EXERCISE INSTRUCTIONS » Below are records with pictures. Reproduce exactly the lines from the line with "The Muscles Treasure" to the line with "Courant Mag:2 is", inclusive, and leave each picture out.

TASK INPUTS »
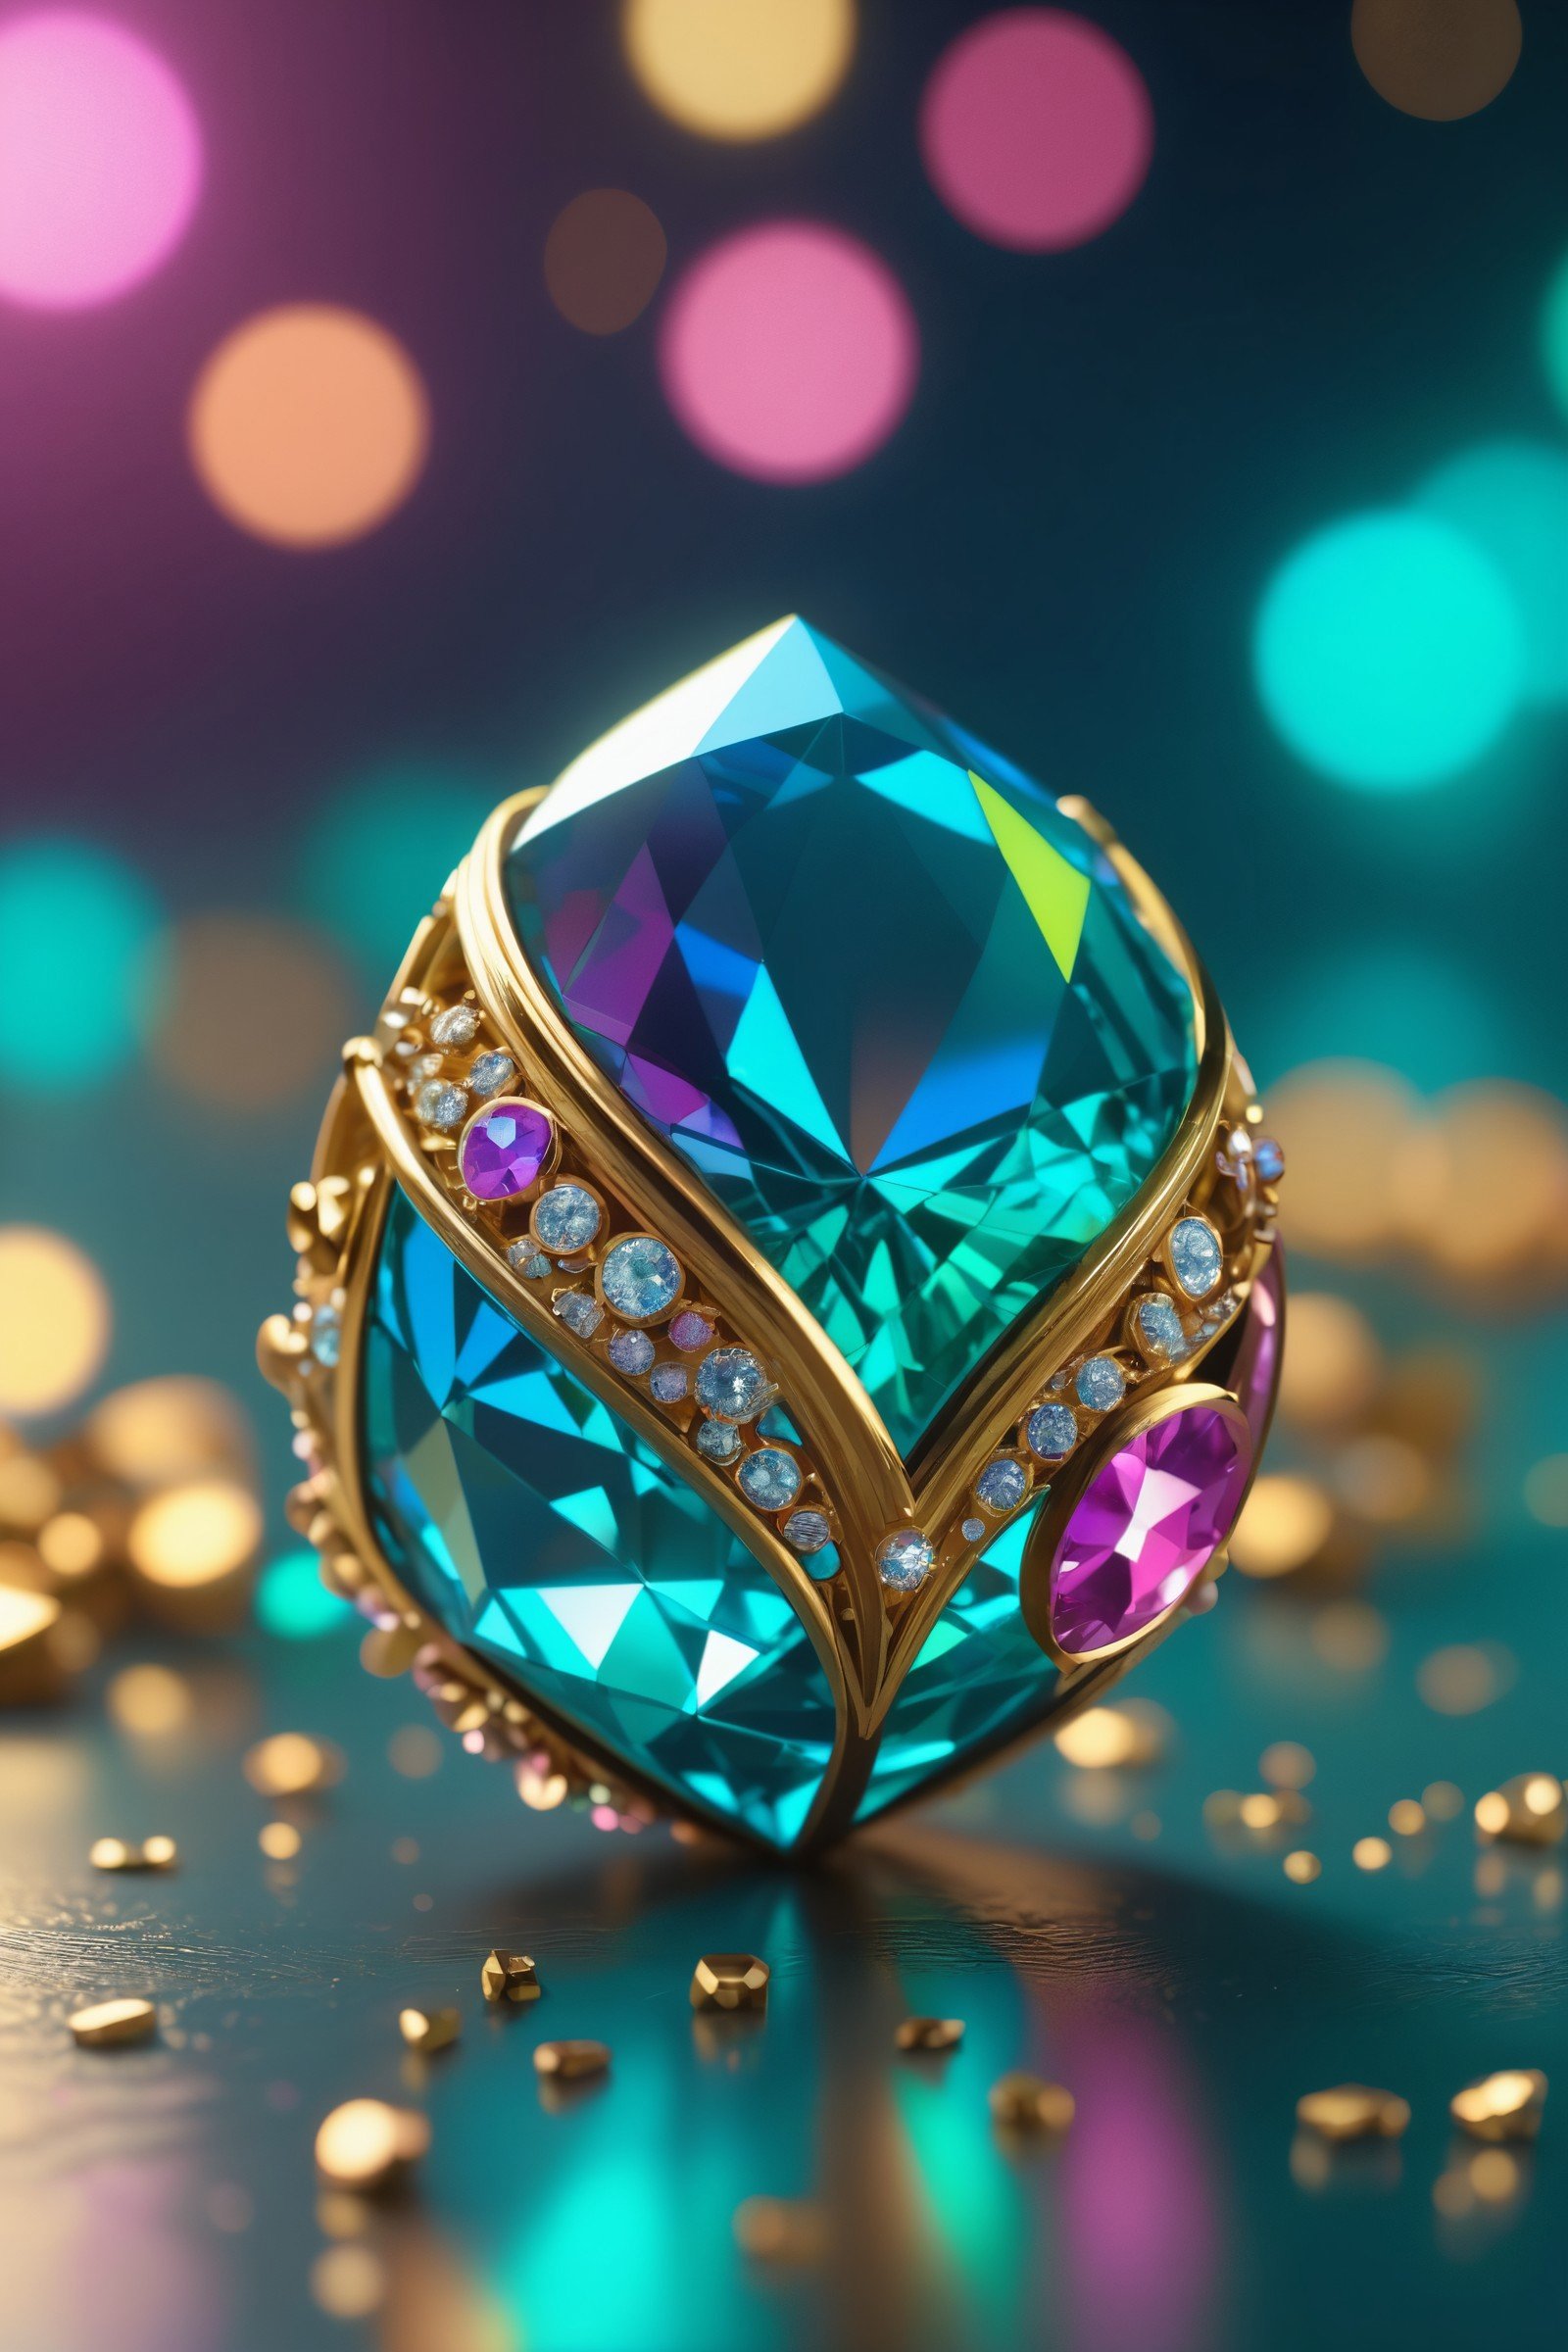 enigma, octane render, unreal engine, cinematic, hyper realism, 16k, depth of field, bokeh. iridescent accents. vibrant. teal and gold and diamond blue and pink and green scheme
...
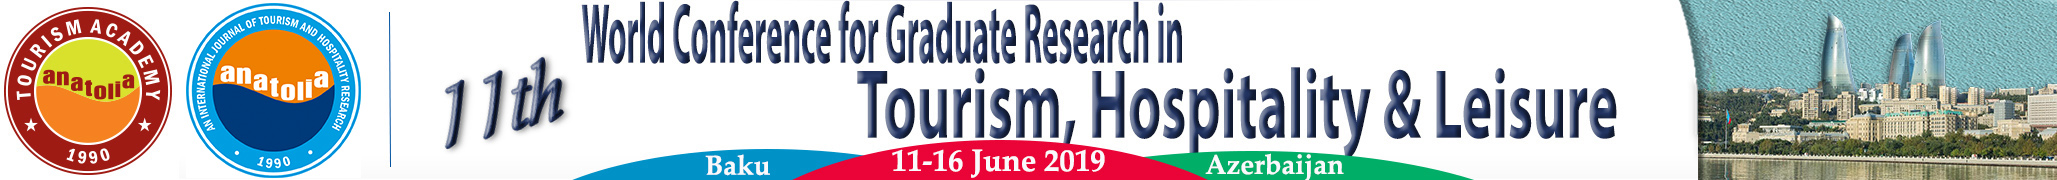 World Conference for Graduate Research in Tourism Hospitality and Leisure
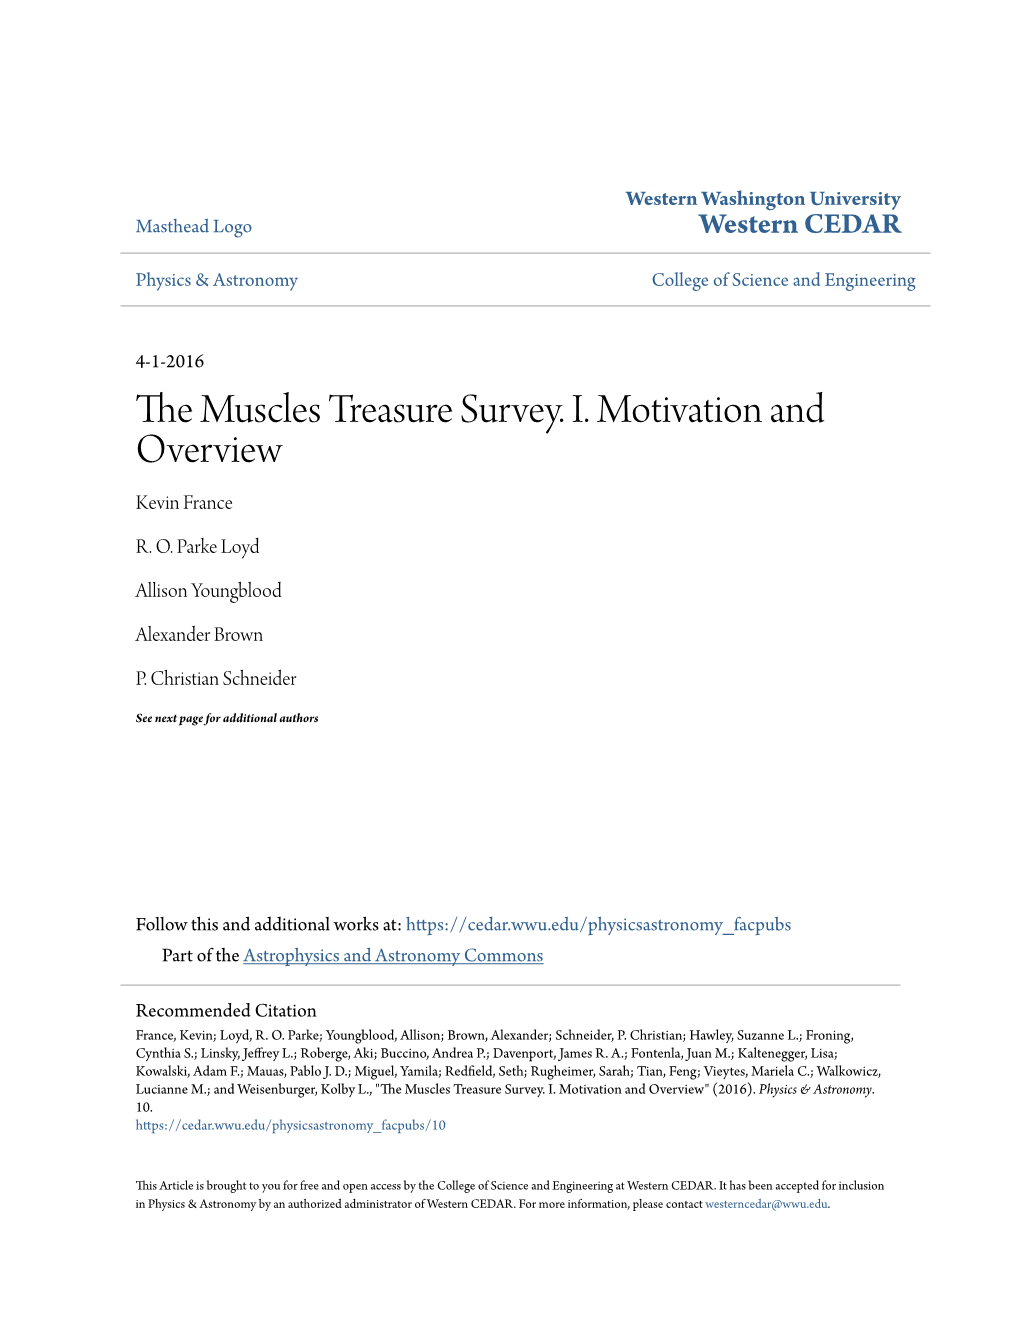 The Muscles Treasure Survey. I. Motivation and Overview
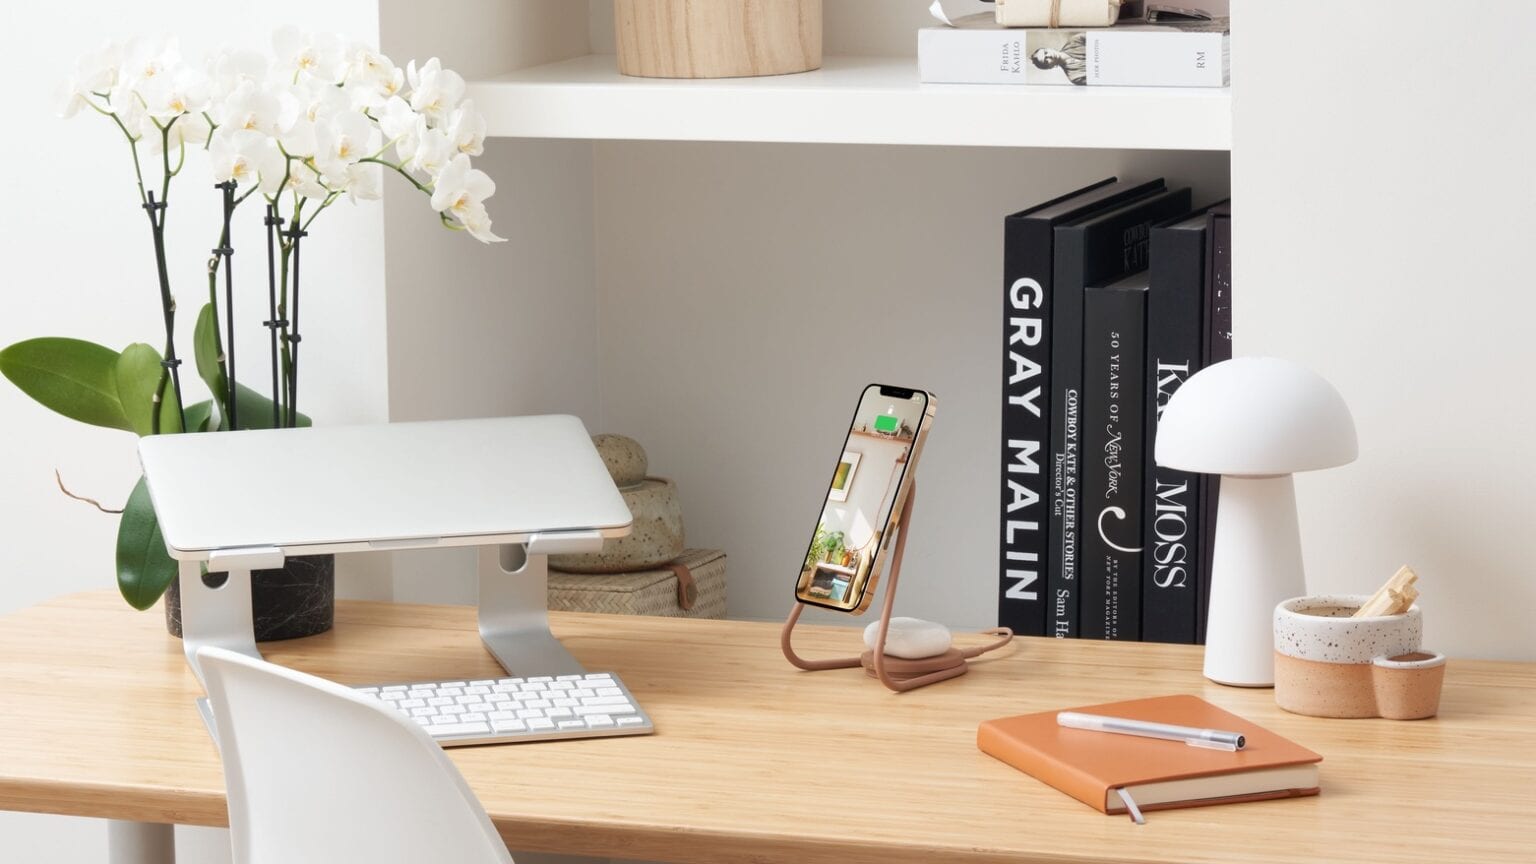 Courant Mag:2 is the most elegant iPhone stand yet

TASK SOLUTION »
 The Muscles Treasure Survey. I. Motivation and Overview
 Courant Mag:2 is the most elegant iPhone stand yet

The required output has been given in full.